Given that the National Audit Office report was so damning, by no stretch of the imagination could the new homes bonus be called a success. If we couple that with the rest of the record I have described, we might even call it unforgiveable.

Then there is the Help to Buy scheme, which the Treasury Committee dubbed a “work in progress”. It took us some time to get any real answers from the Minister when we probed how the scheme would work in practice. The Opposition desperately want to help first-time buyers, but the Government are making the crisis worse. As I have said, affordable house building is down. Indeed, many commentators, including those the Government might well have assumed would be on their side, are concerned that the scheme is pricing people out of the market. The Government need to take action on the supply side by building more affordable homes, just as the International Monetary Fund has been arguing. I wonder whether the Minister agreed with the IMF when it said:

“There is a risk that, in the absence of an adequate supply response, the result would ultimately be mostly house price increases that would work against the aim of boosting access to housing.”

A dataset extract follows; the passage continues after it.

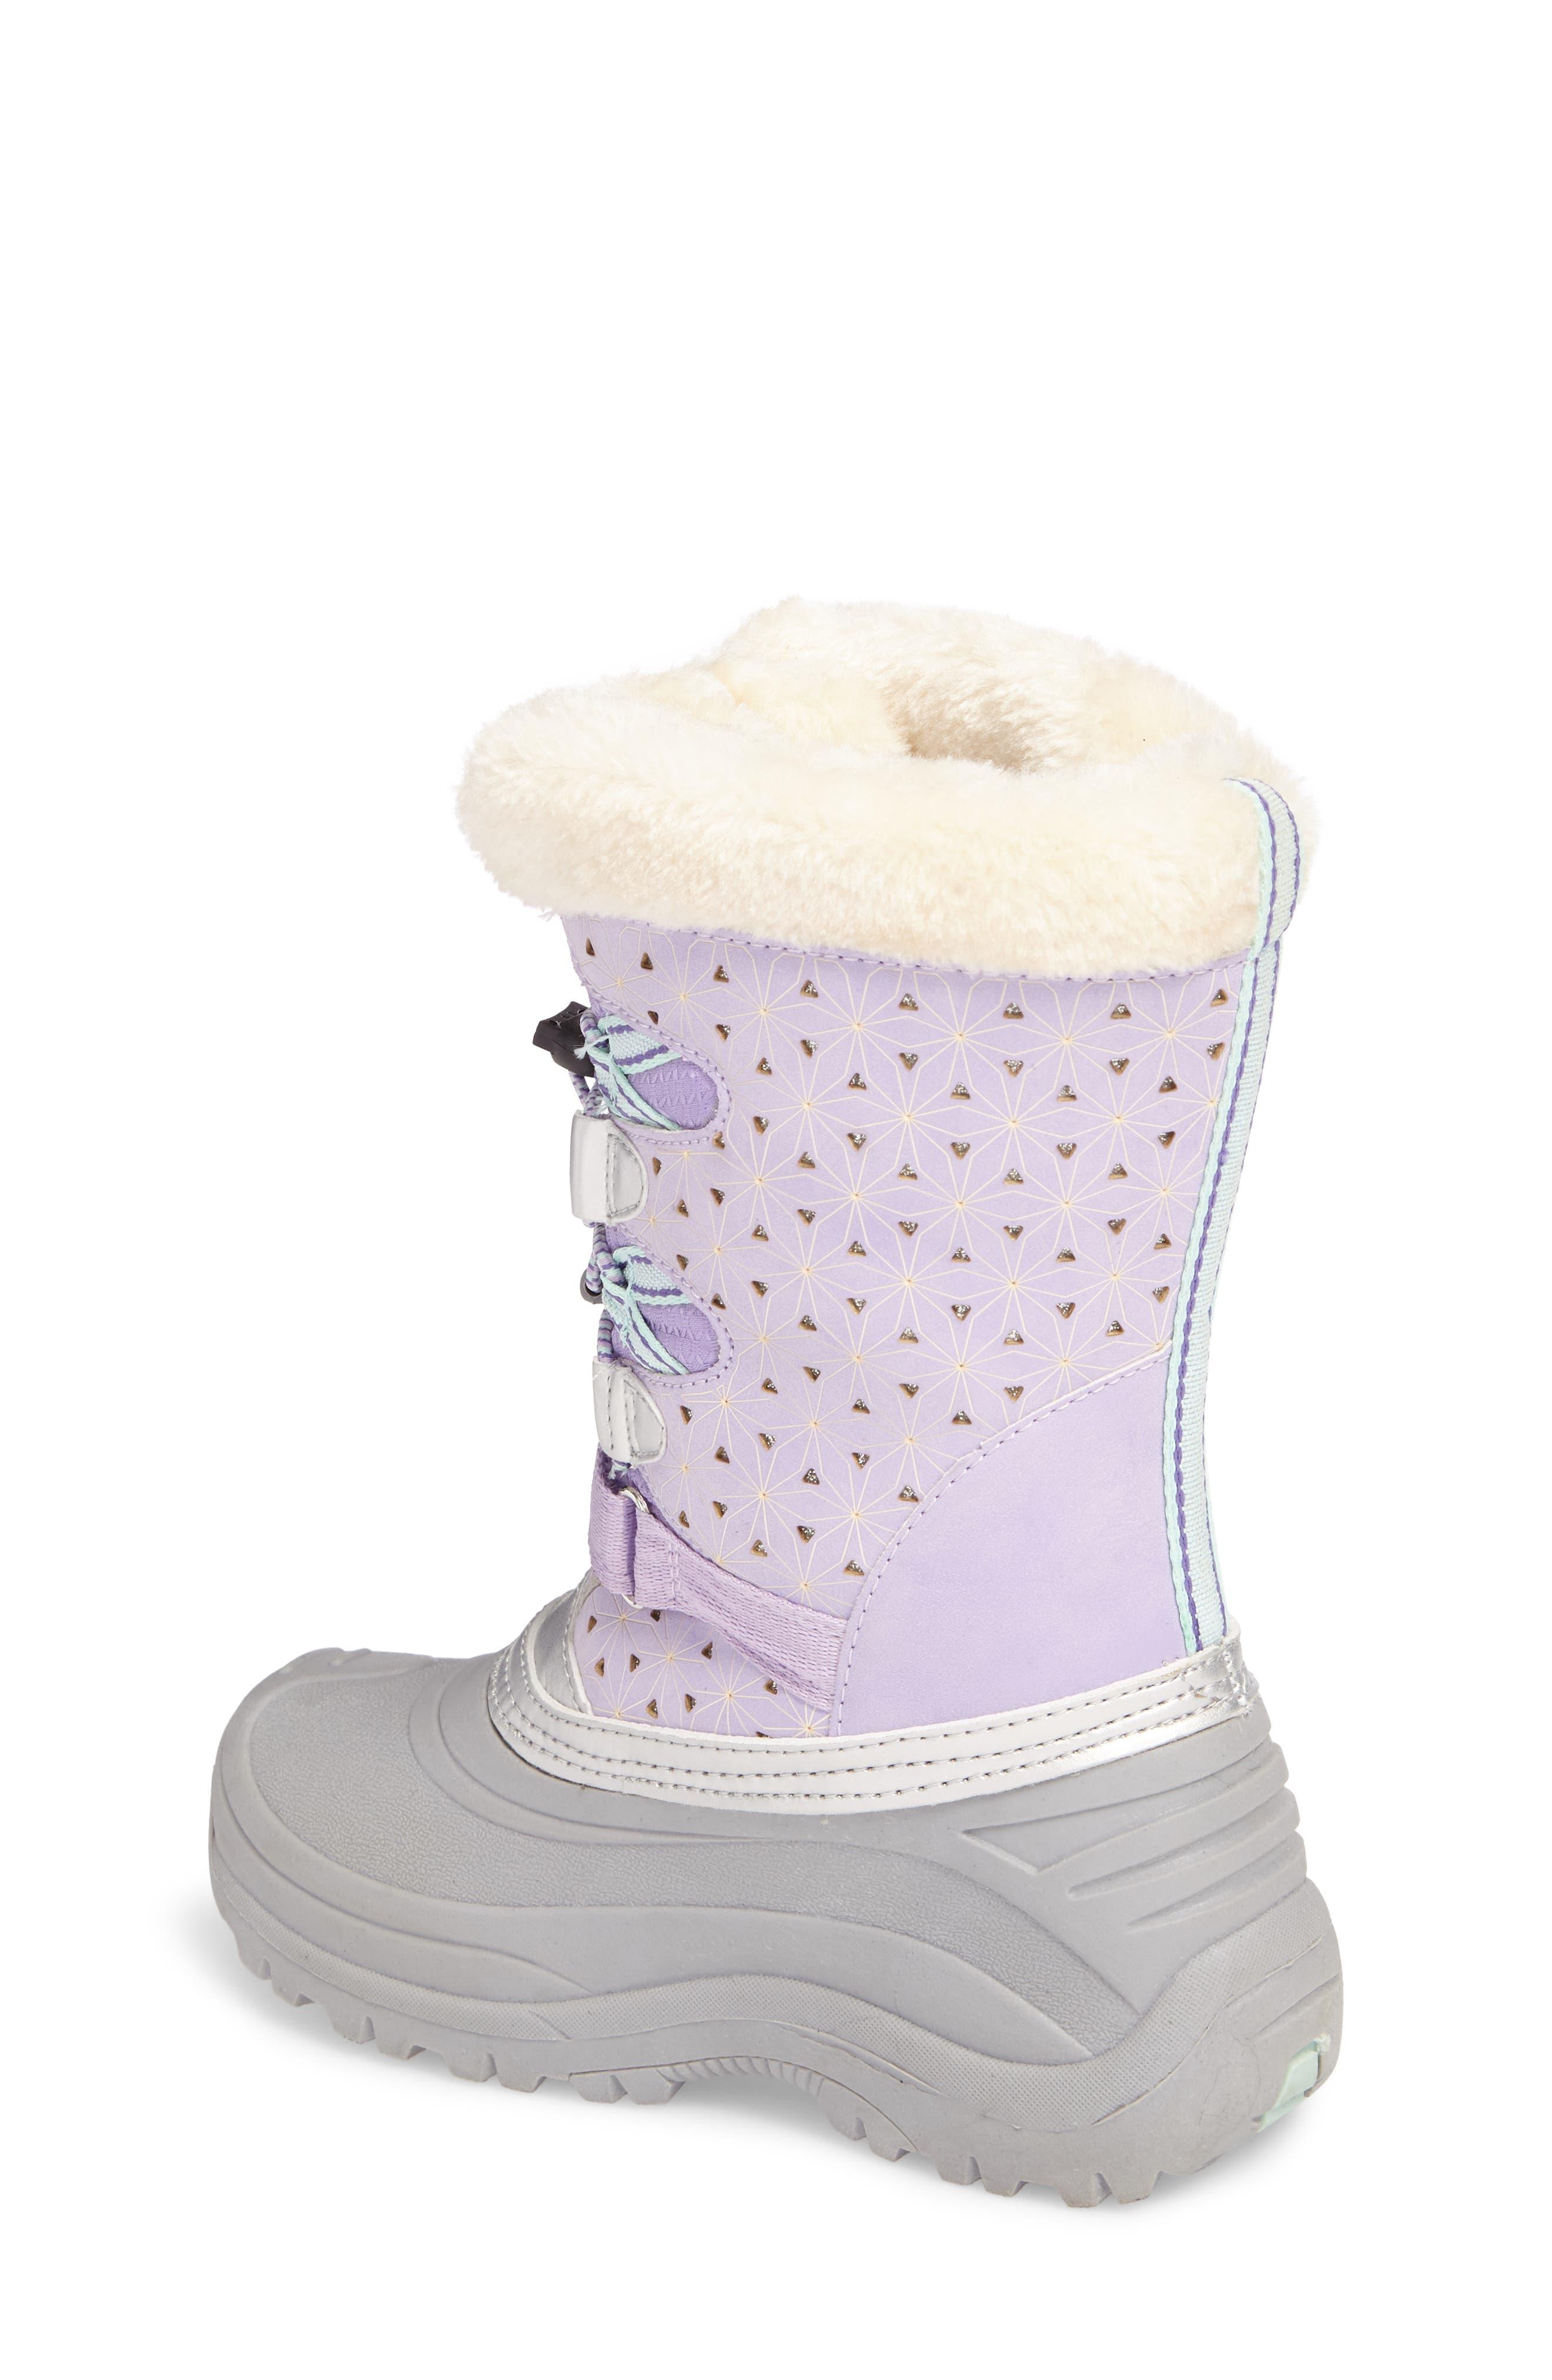 Alternate Image 2  - Jambu 'Venom' Waterproof Insulated Snow Boot (Toddler, Little Kid & Big Kid)
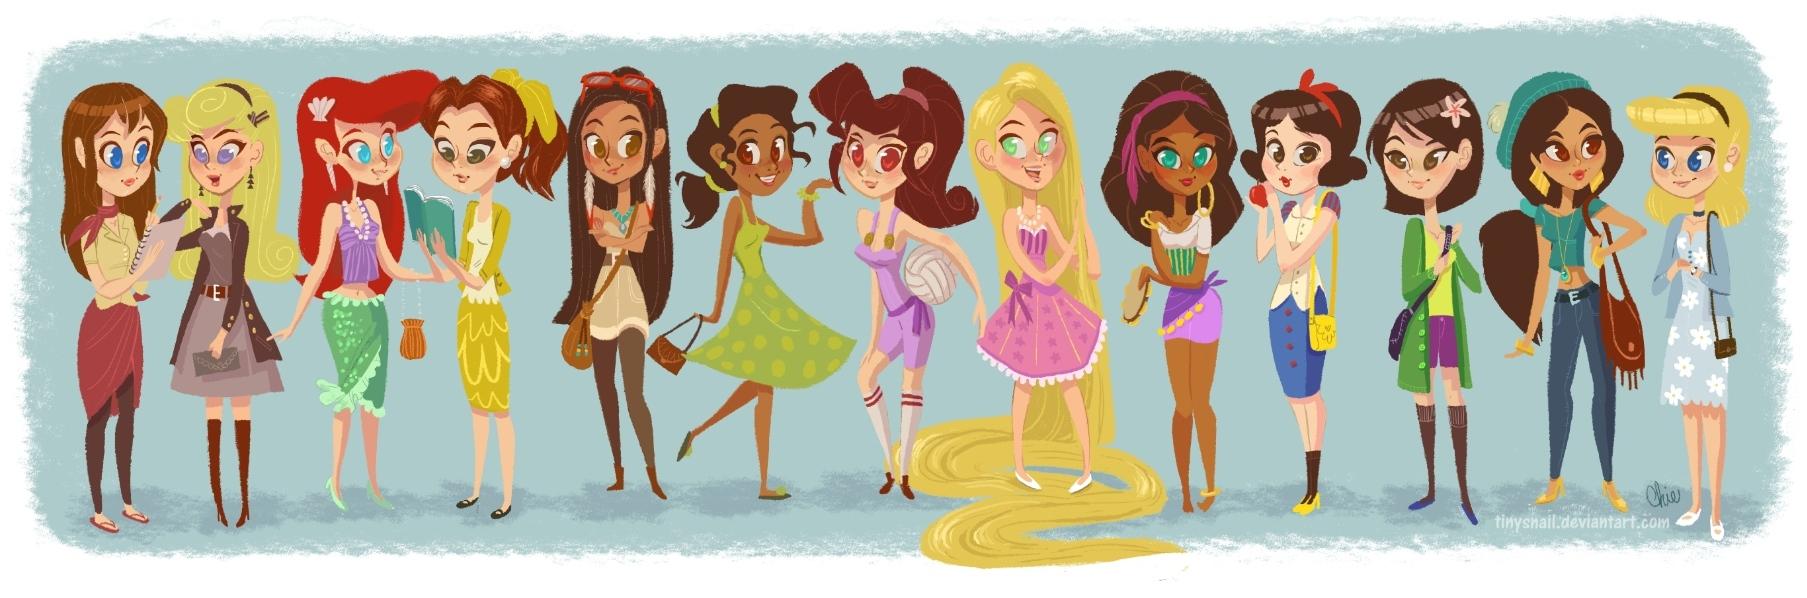 modern disney girls by tinysnail

Let us take a look at how well the affordable rent programme has worked. Labour invested £8.4 billion in the three years from 2008 to 2011, while the Tories will invest just £4.5 billion in the four years from 2011 to 2015. The Government have cut the budget for new affordable homes by 60%. No doubt they will try to argue that they are getting more for less and that this is all about lean Government, but that is not borne out in reality. Affordable housing starts have collapsed—not stalled, not flatlined, but collapsed. The Government like to claim that they are going to deliver 170,000 affordable homes by 2015, but the NAO report confirms that despite the relentless spin, over 70,000 of those were commissioned by the previous Labour Government.

Sheila Gilmore Portrait Sheila Gilmore (Edinburgh East) (Lab)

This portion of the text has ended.